The UI binds to 127.0.0.1 only and has no auth — it is a personal
local panel, not a shared dashboard.

## Terminal

```bash
# Table of every source.
evolutiondb-hub status

# Spawn / kill one source.
evolutiondb-hub start  gmail
evolutiondb-hub stop   gmail

# Tag a source with the AI agent you assigned to it.
evolutiondb-hub set-agent gmail   gemini
evolutiondb-hub set-agent teams   claude
evolutiondb-hub set-agent slack   chatgpt
evolutiondb-hub set-agent github  claude
evolutiondb-hub set-agent calendar gemini

# Wire / unwire one AI host's MCP config.
evolutiondb-hub client claude-desktop  enable
evolutiondb-hub client gemini-cli      enable
evolutiondb-hub client chatgpt-desktop disable

# Same status JSON the web UI uses.
evolutiondb-hub status --json
```

Subcommand reference:

| Command                          | What it does                                       |
|----------------------------------|----------------------------------------------------|
| `status [--json]`                | Per-connector state table                          |
| `start <name> [--interval N]`    | Spawn the connector in the background              |
| `stop <name>`                    | SIGTERM the hub-managed pid (then SIGKILL after 5s)|
| `set-agent <name> <agent>`       | Label the source with an owner agent (or `none`)   |
| `client <name> enable\|disable\|status` | Manage AI host config                       |
| `web [--port 8771] [--host …]`   | Launch the web UI                                  |

Source names: `teams`, `gmail`, `slack`, `github`, `calendar`.
Client names: `claude-desktop`, `chatgpt-desktop`, `gemini-cli`.

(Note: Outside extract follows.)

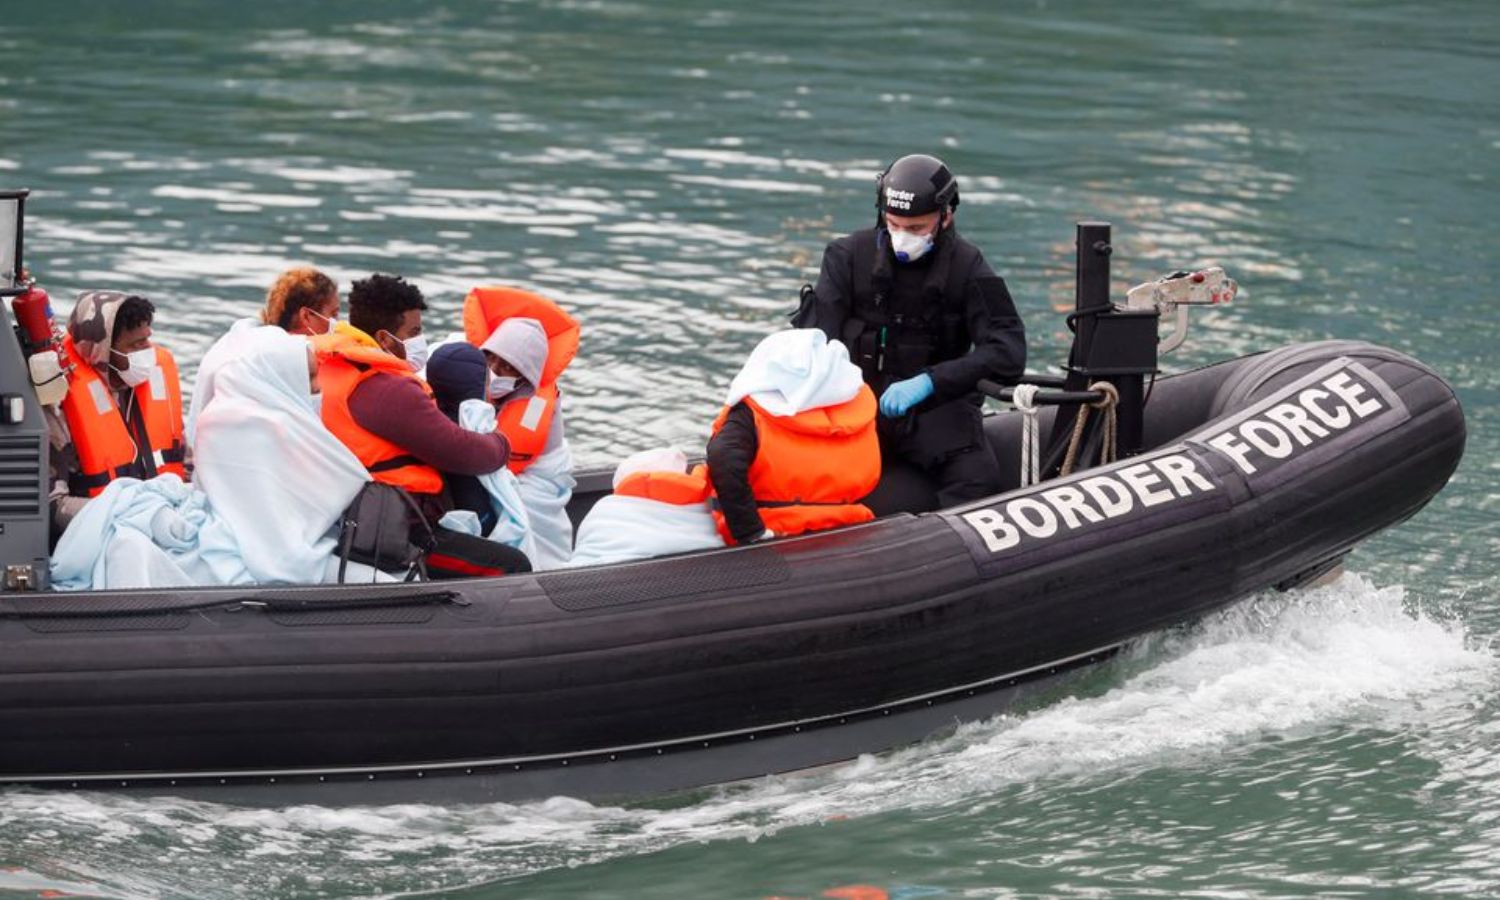 ضباط حرس الحدود يجلبون المهاجرين إلى ميناء "دوفر" على متن قارب ، بعد محاولتهم عبور القناة الإنجليزية- 7 من أيلول 2020 (رويترز)

## How the agent-owner label works

The label is a local annotation, not data. Connectors do not know
or care which agent owns them; every record they write still lands
in the same memory store and is searchable from every AI host.
The label is there so you can answer "which agent is supposed to
keep an eye on my Gmail this week?" by reading the panel.

## State on disk

```
~/.evosql/orchestrator.json    hub state (pids, labels, intervals)
~/.evosql/logs/<source>.log    stdout + stderr of each hub-spawned connector
```

The state file is mode 0600 and contains no secrets — auth tokens
remain in their own per-connector caches under `~/.evosql/`.